## Supplied material
--- START ---

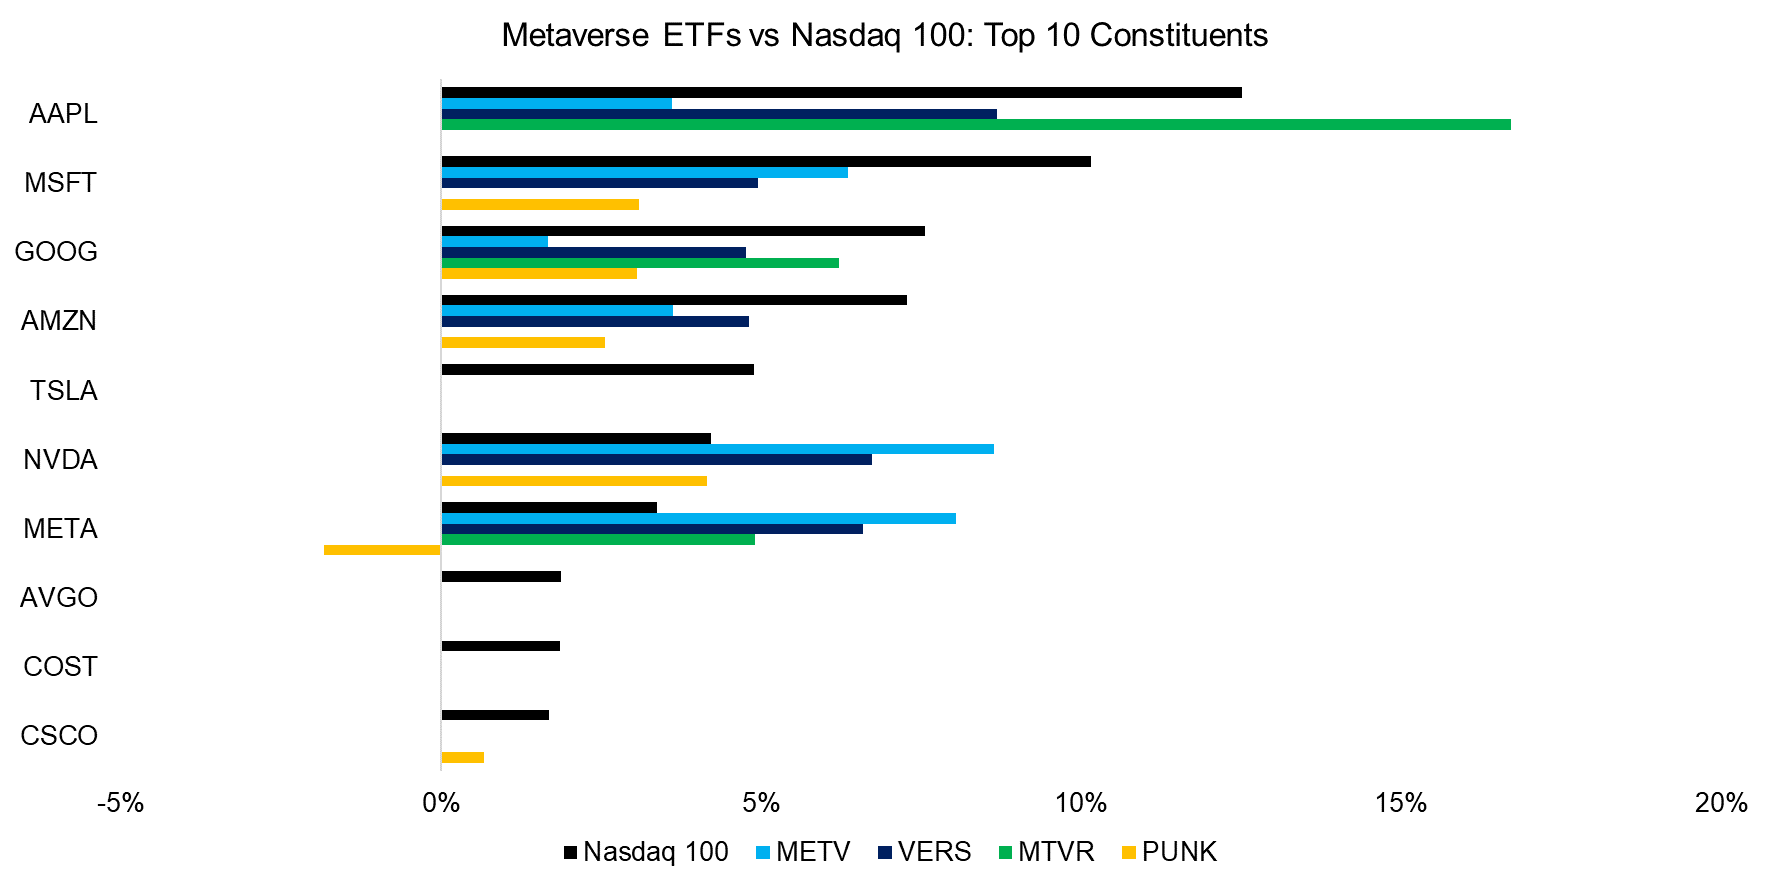 Metaverse ETFs vs Nasdaq 100 Top 10 Constituents
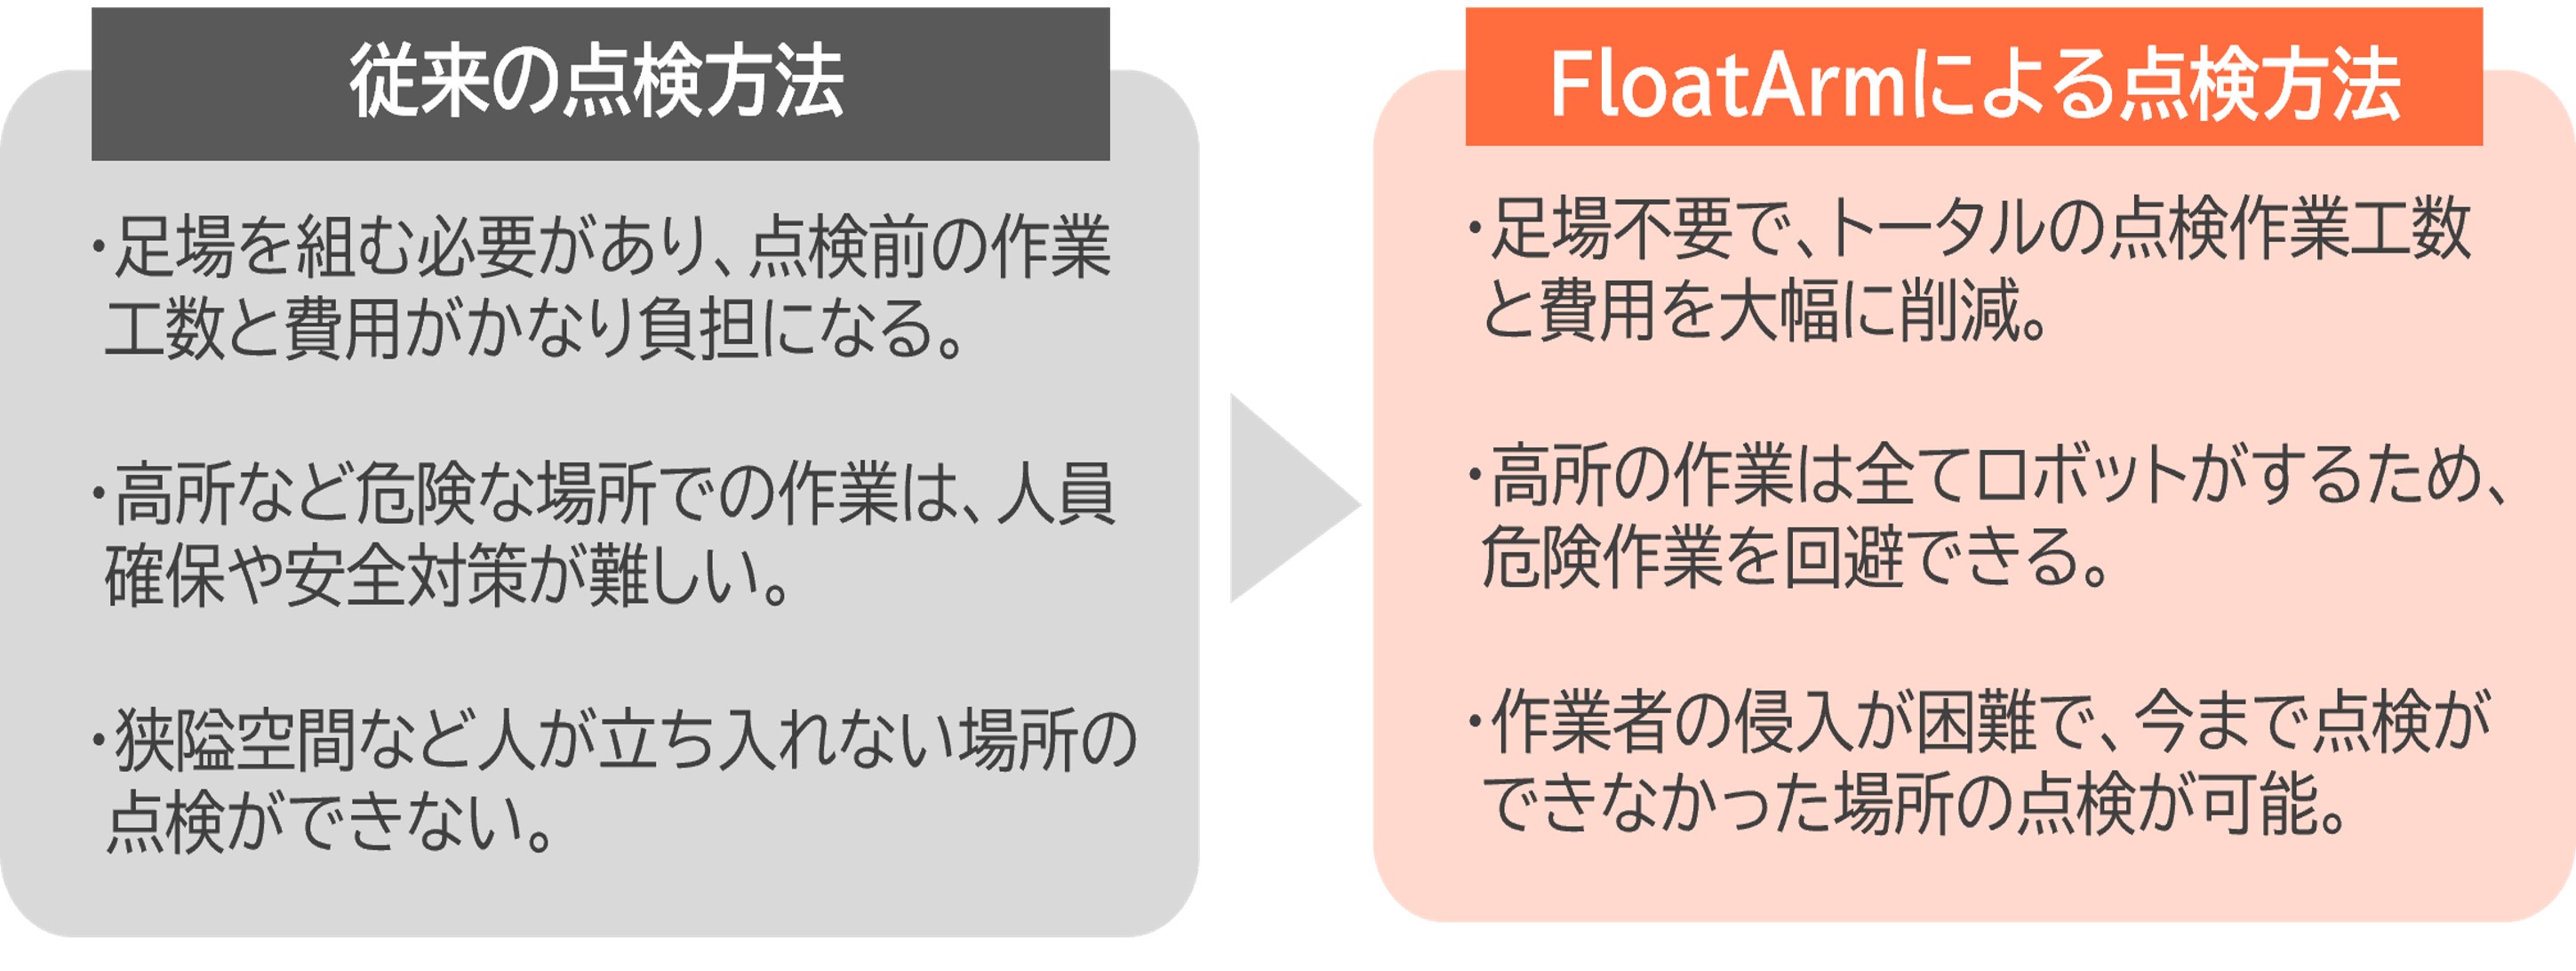 FloatArm従来方式との比較
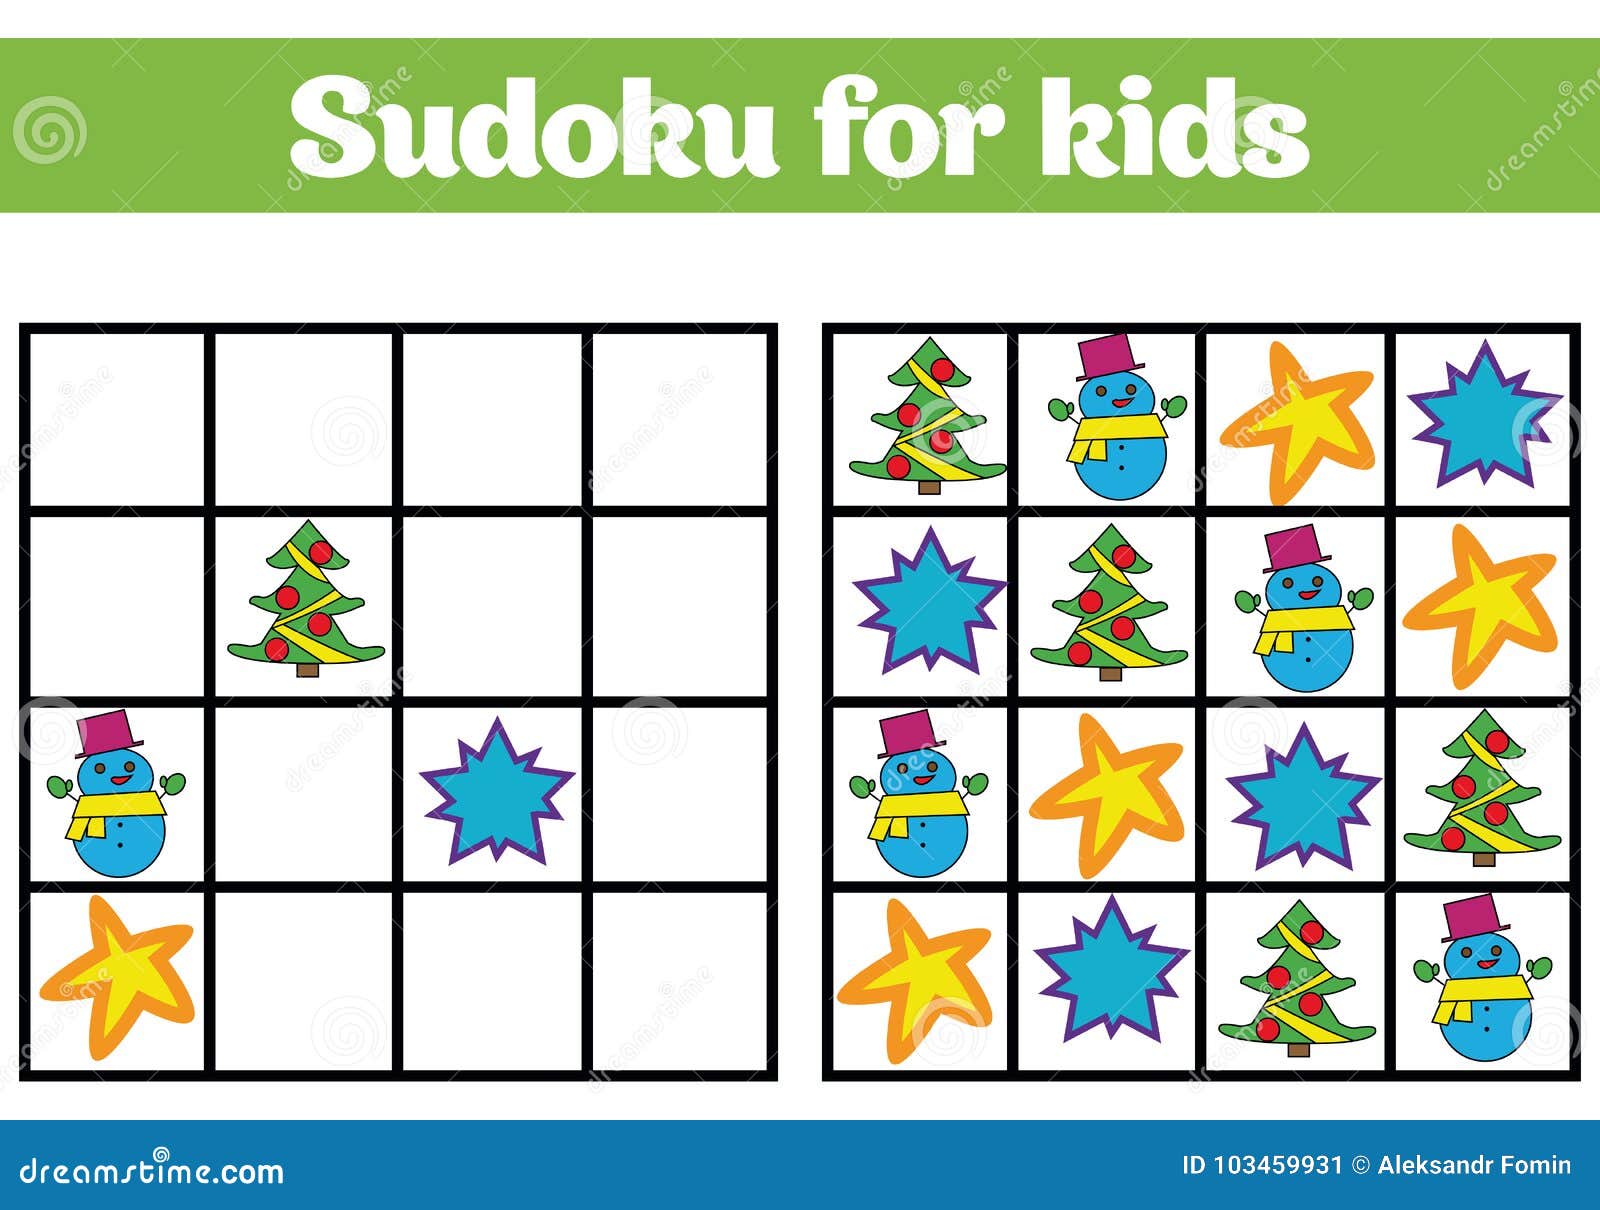 Jogo de sudoku para crianças com fotos. feliz natal e feliz ano novo

--- END ---

Retype the line containing "FloatArm従来方式との比較" and all lines after it to the end of the material, exactly as written, leaving out any pictures.

 FloatArm従来方式との比較
 Jogo de sudoku para crianças com fotos. feliz natal e feliz ano novo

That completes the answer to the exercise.